In England he found the atmosphere quite democratic and free as far as they Indian students were concerned though in some respects he did find racial discrimination and met with instances of covert if not overt humiliation. He could secure his admission in the Cambridge University, worked hard and finally appeared for the Indian Civil Service Open Competitive Examination in July 1920. He was never sure that he would pass it but was surprised to find that he came out with distinction as a fourth ranker. However, Subhas decided that he would only go 'this far and no further' and would definitely turn down any commission with the Government. He took to long correspondence with his quite understanding and considerate elder brother Sarat Bose trying to get his permission and blessings for his decision to give up ICS and plunge into the national movement. Finally he stood firm on his ground and shoving aside the doctrine of expediency opted for the hazardous path of high idealism.

From that point onwards it is as if Subhas Bose never looked back. Whatever might have been his weaknesses, inward and impressionistic impulses and nightmarish psychic disturbances in the early youth, once he discarded the ICS and plunged into the national movement heart and soul, those rarely ever troubled him again. From then onwards it was the search for the right leader at first, then for the right policies and ideologies next, which occupied his mental or spiritual time and effort for the major part. This apart from the active pragmatic participation side of his in the militant nationalist movement. On returning to the motherland he first met Gandhi at Bombay on 16 July 1921 and ardently discussed about the various facets and problems of the non-cooperation movement. He was not so much impressed by Gandhi's policies as by his personality. Bose's critical faculties led him to the opinion that "there was a deplorable lack of clarity in the plan which the Mahatma had formulated and that he himself did not have a clear idea of the successive stages of the campaign [in the non-cooperation movement] which would bring India into her cherished goal of freedom." Then, on the advice of Gandhi, and also in pursuance of a previous acquaintance of his and correspondence with that person, he met Chittaranjan Das at Calcutta and after a heart to heart talk with him he felt that he had found a leader and meant to follow him.

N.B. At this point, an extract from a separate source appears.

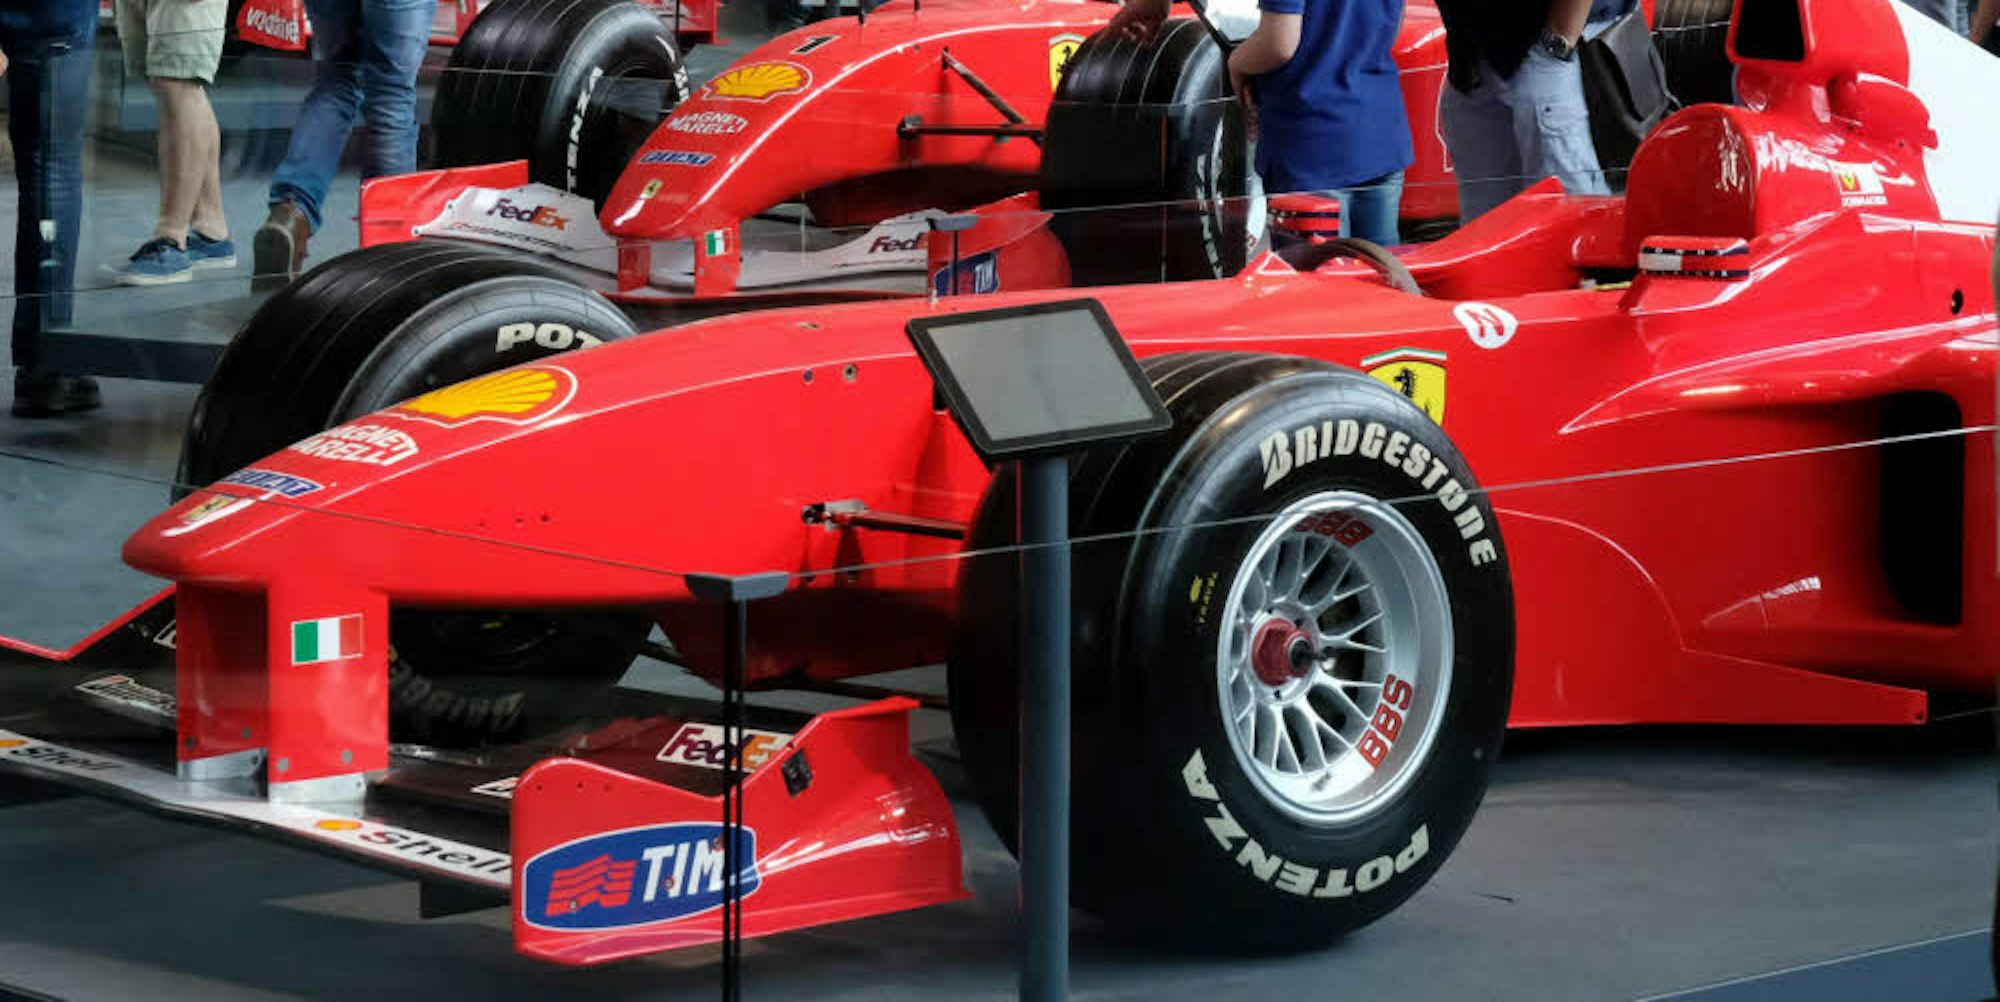 Diesen Ferrari-Rennwagen fuhr Michael Schumacher in der Formel 1.

From that time onwards up to the death of Deshbandhu, Bose was like a right hand man to him. Bose actively participated in the non-cooperation movement but as his master so was he too disappointed and frustrated by the policy and tactics adopted by Gandhi in that movement. To put it in a nutshell, what the master and the disciple together felt was that "Mahatma opens a campaign in a brilliant fashion; he works it up with unerring skill, he moves from success to success till he reaches the zenith–but after that he loses nerve and begins to falter." This faltering led to the anti-climax of the Chouri Choura withdrawal in 1922 which was vehemently criticized by the Deshbandhu and that echoed by Subhas himself. This hasty step by Gandhi indeed provoked extreme reaction from various quarters in the Indian National Congress and Motilal Nehru also joined hands with C. R. Das. This ultimately led to the formation of the Swaraj Party, of course within the broad Indian National Congress but with distinct policy and programme. They were pro-changers and wanted to participate in the legislative councils, etc. to "wreck them from within".At the Gaya Congress though C. R. Das was the President, it was the 'no-changer' policy of Gandhi, firmly supported by Rajaji, that won the day but it was not of much joy or solace to Gandhites because immediately following that the formation of Swaraj Pary was declared. The Swarajists gained significant successes in the elections to the various provincial Legislative Councils. Since Gandhi was arrested and convicted to and was undergoing imprisonment for six years, and there was no worthwhile agitational programme by the no-changers, it was virtually C. R. Das, Motilal Nehru and his Swarajist associates that provided any significant alternative in that situation. In 1924 C. R. Das was elected Mayor of the Calcutta Corporation also and later he became the BPCC President in time for passing of the famous Gopinath Saha resolution at Sirajganj in the end of 1924. Thus he was the first person to wear the Triple Crown–Mayoralty of Calcutta, Presidentship of BPCC and Presidentship of the Indian National Congress.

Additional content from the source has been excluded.